Action item: Write the listing out again word for word, skipping each picture.

Data block:
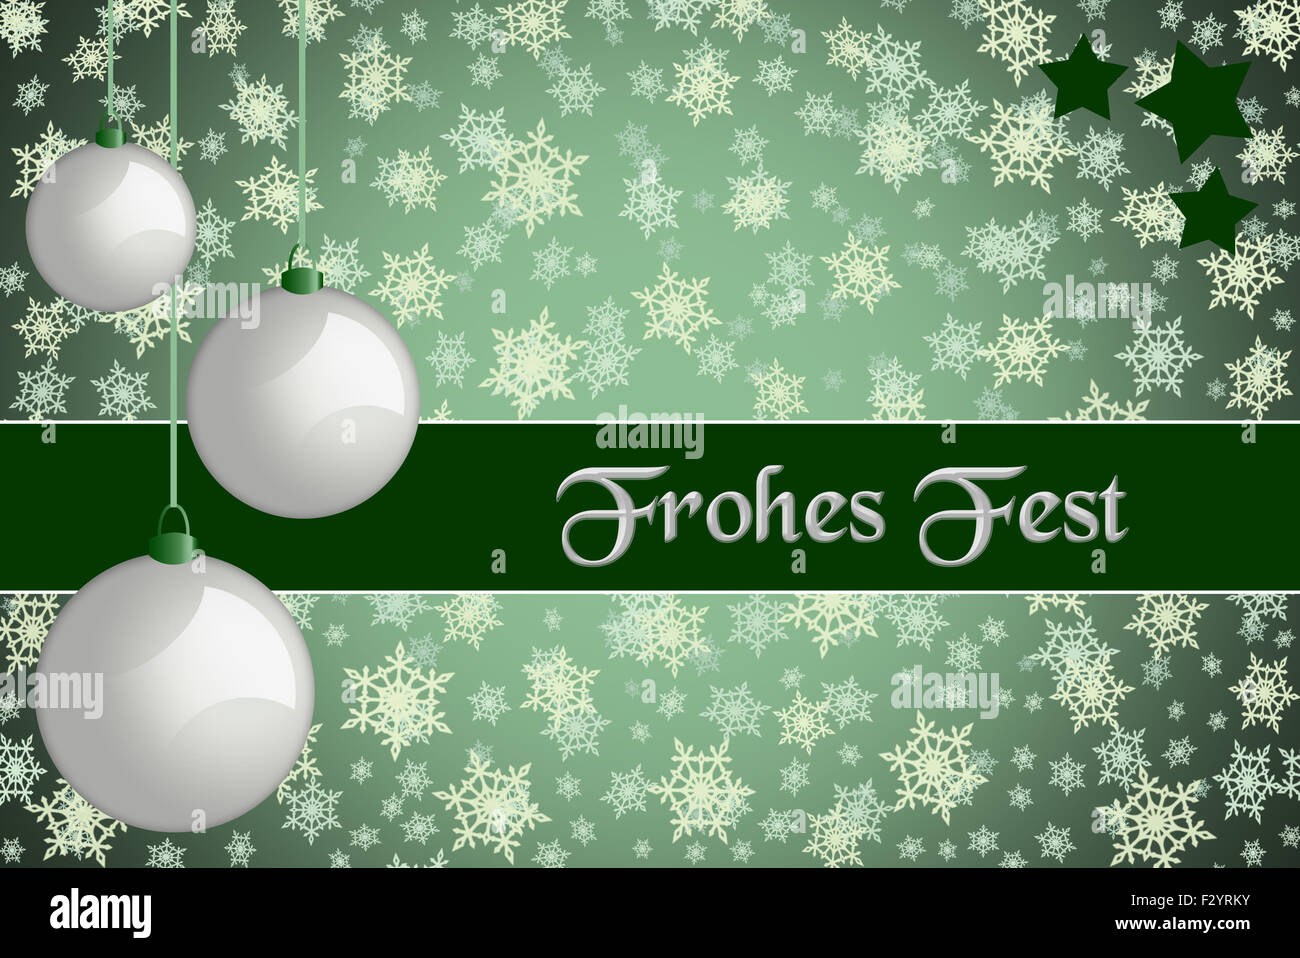 Natale biglietto di auguri. "Frohes Fest" di colore verde Natale carta con retro bianco baubles e il simbolo del fiocco di neve sullo sfondo. Foto Stock
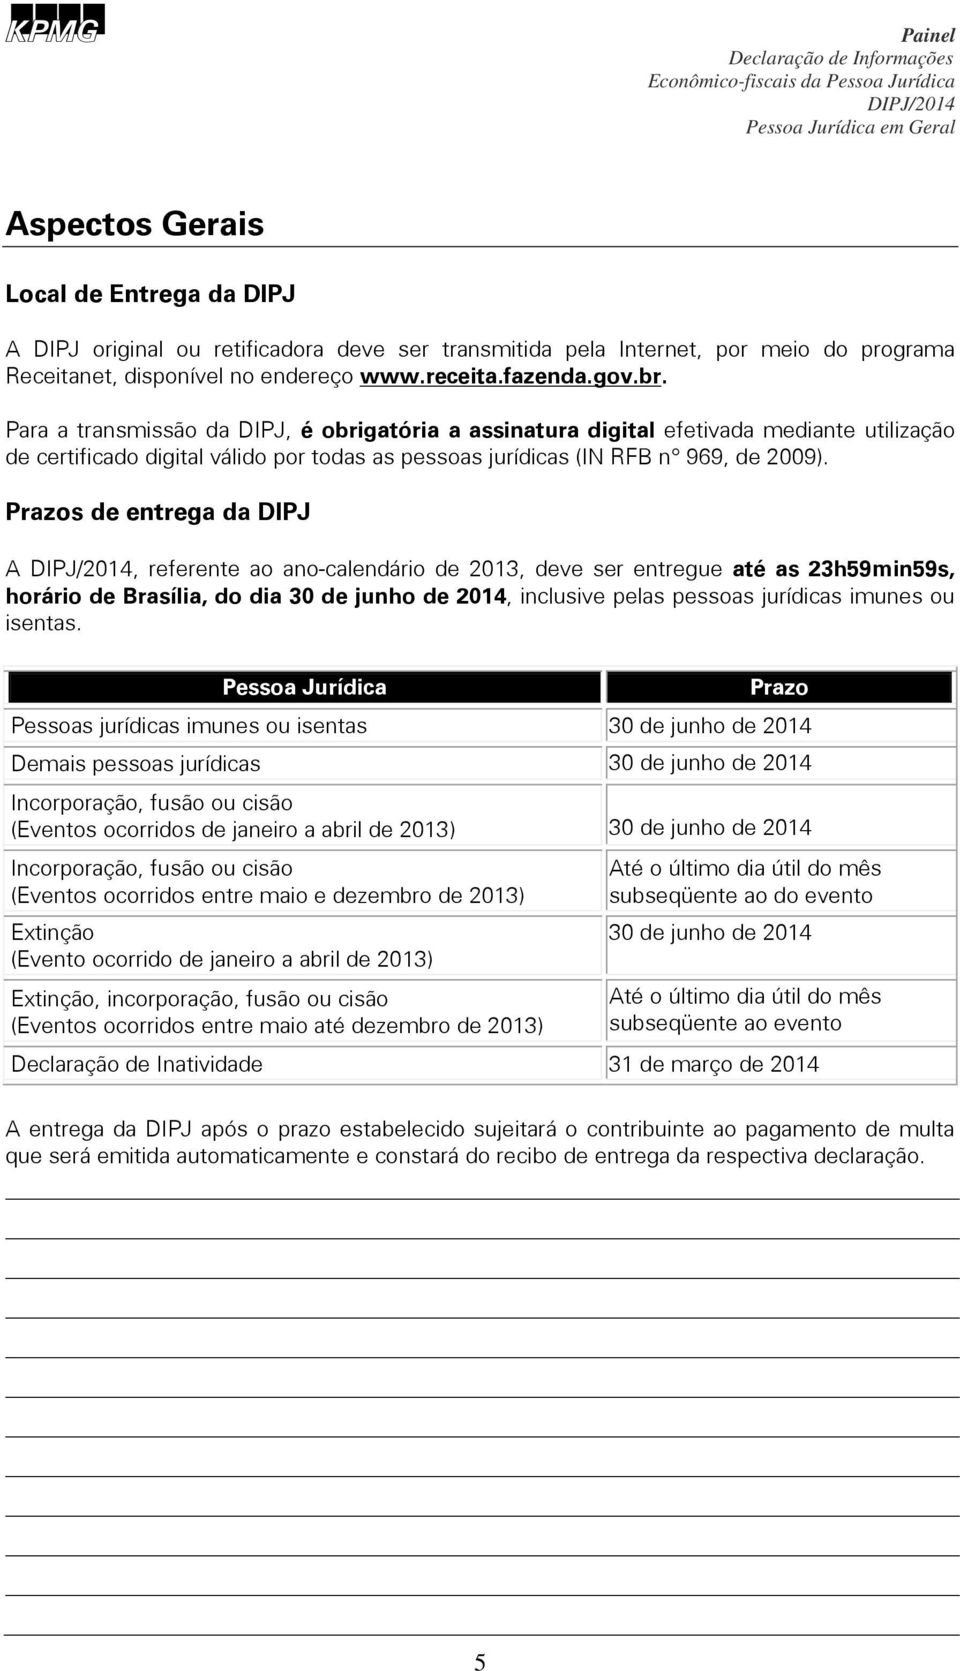 Prazos de entrega da DIPJ A, referente ao ano-calendário de 2013, deve ser entregue até as 23h59min59s, horário de Brasília, do dia 30 de junho de 2014, inclusive pelas pessoas jurídicas imunes ou
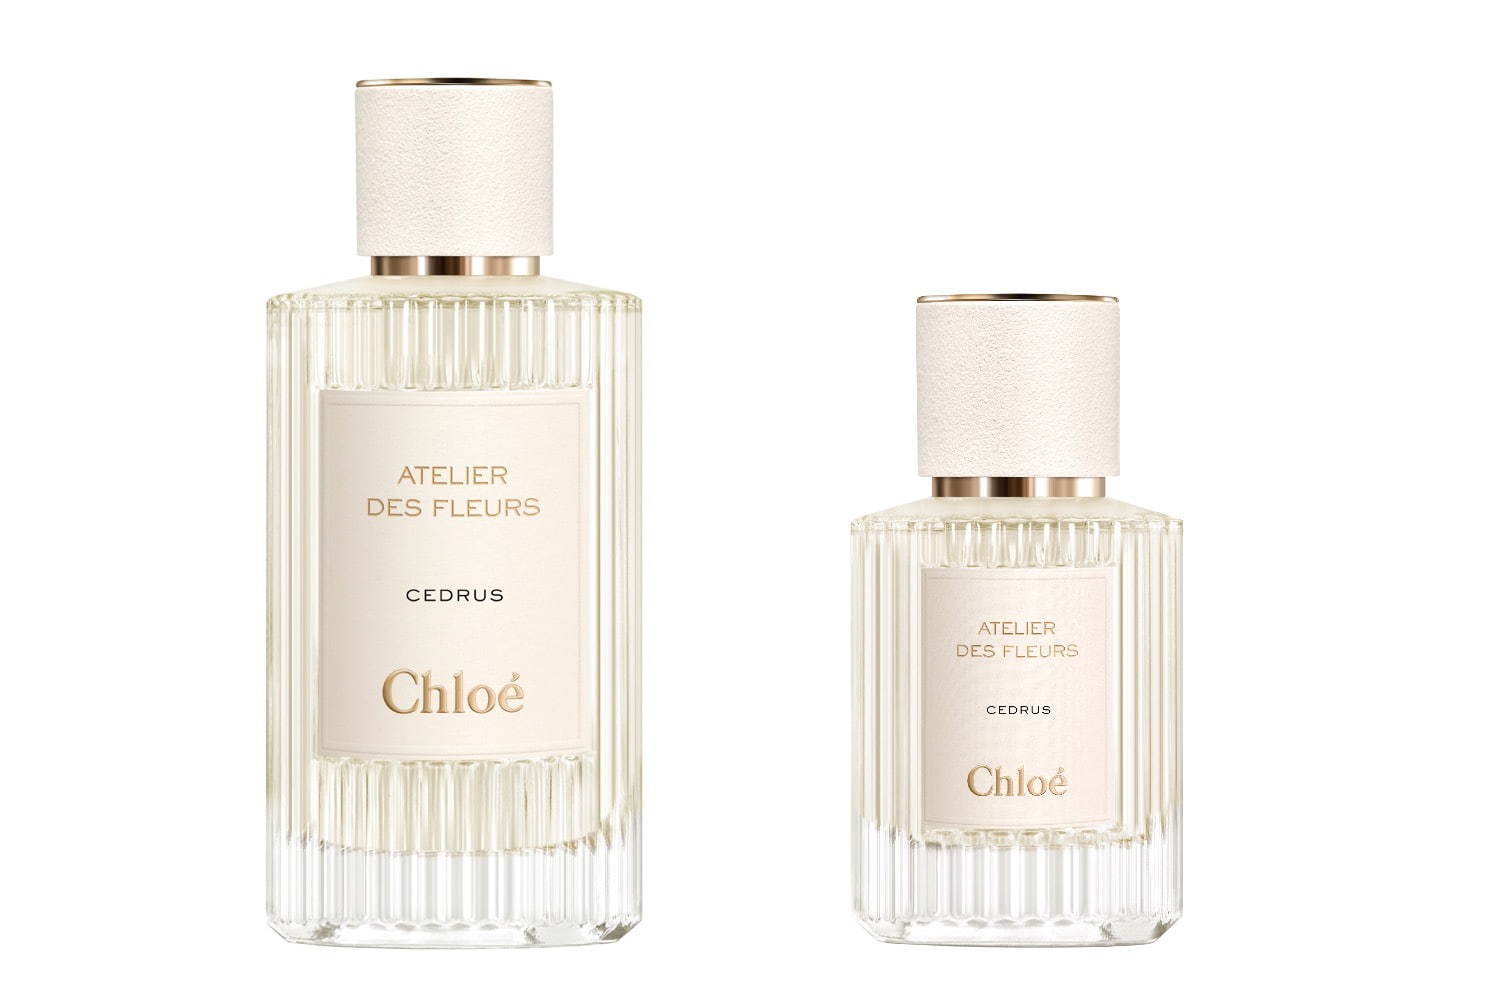 クロエの新作香水 アトリエ デ フルール 好きな香りを重ねて楽しむ 香りのブーケ ファッションプレス
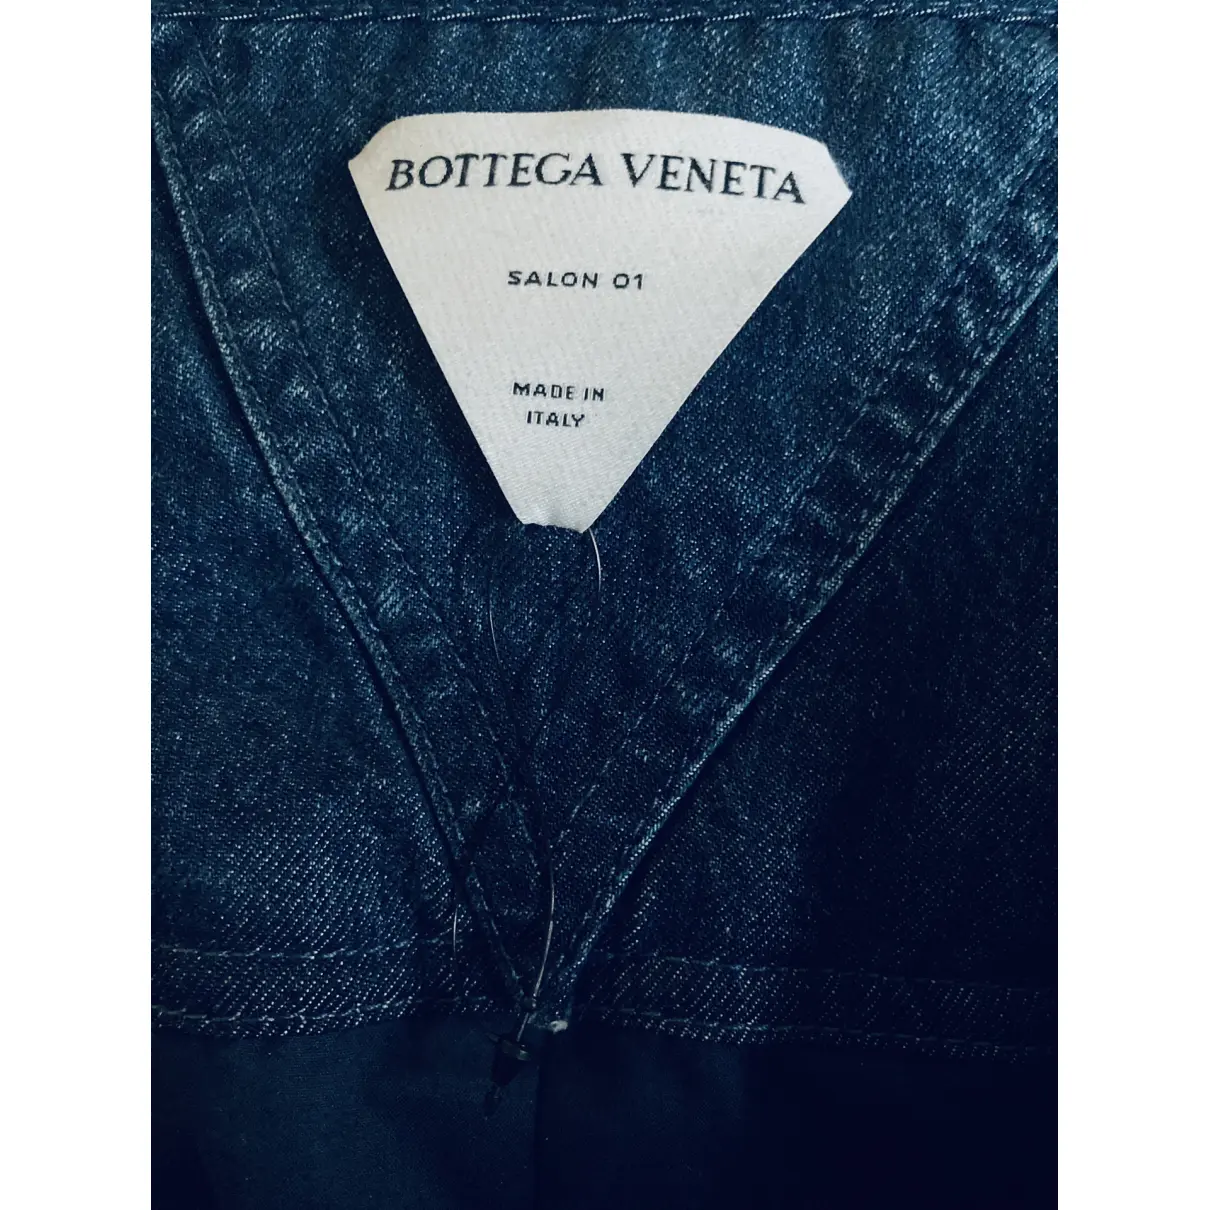 Buy Bottega Veneta Corset online

Reply:
 Natale biglietto di auguri. "Frohes Fest" di colore verde Natale carta con retro bianco baubles e il simbolo del fiocco di neve sullo sfondo. Foto Stock
 Prazos de entrega da DIPJ A, referente ao ano-calendário de 2013, deve ser entregue até as 23h59min59s, horário de Brasília, do dia 30 de junho de 2014, inclusive pelas pessoas jurídicas imunes ou
 クロエの新作香水 アトリエ デ フルール 好きな香りを重ねて楽しむ 香りのブーケ ファッションプレス
 Buy Bottega Veneta Corset online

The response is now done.